The Crusades, far from uniting the faith that was divided by language dissent and allegiance, reinforced the national enmities of Latin Christendom by bringing those peoples together again and again in martial equipment, battle array and a more or less sanctified rivalry…. A Frenchman remarkably observed that the French tend to behave themselves intractably among foreigners if they are not kept well in hand.
And as France, Russia and Germany showed, a revolution just makes things worse.
Then came the Revolution, when the mouth still called out for the universal good of virtue and love of mankind, but the mailed fist struck for the fatherland and the nation, and the heart was with the fist. The factors ‘patrie’ and ‘nation’ had never before had such an intense influence as in the years from 1789 to 1796. That fact merely confirms that nature constantly proves stronger than theory. …. But as soon as one sets out to formulate the rights of man, the state appears to be required as the framework for his society.

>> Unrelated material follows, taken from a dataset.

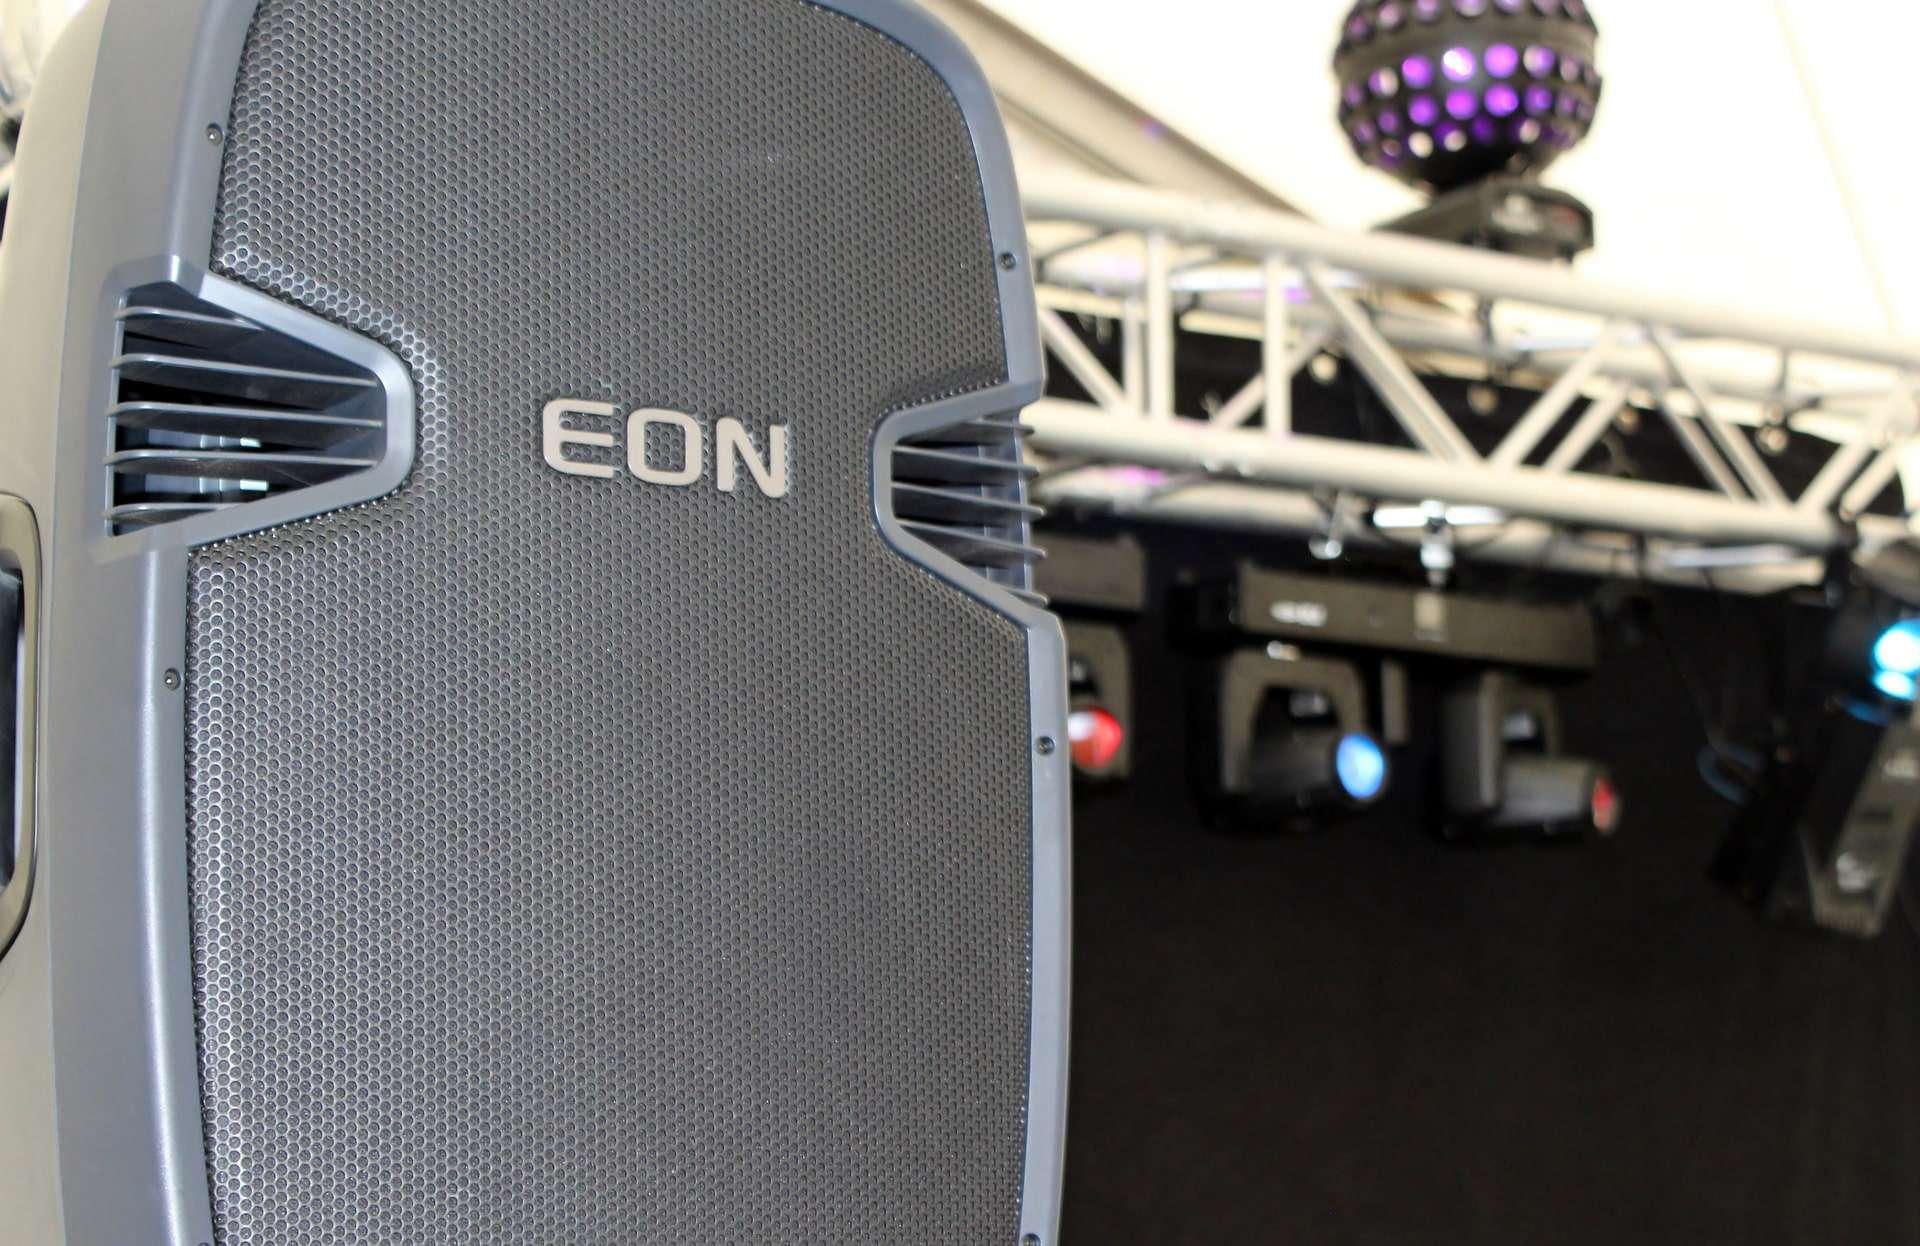 Eon speaker

That process reached frightful apotheoses under Napoleon, Stalin, Hitler, Franco and Mao. But the author goes on:
Since Montesquieu, it had become a doctrine that liberty was born in the forests of Tacitus’ Germania, and that England’s political institutions had developed from that soil of that Old Germanic freedom. France too had accepted the doctrine.
So had F W Maitland, but are we talking of doctrine or myth? Whatever the answer may be to that question, this book seethes with insights like these. This is not just learning or scholarship – this is wisdom of a kind that we so rarely see now.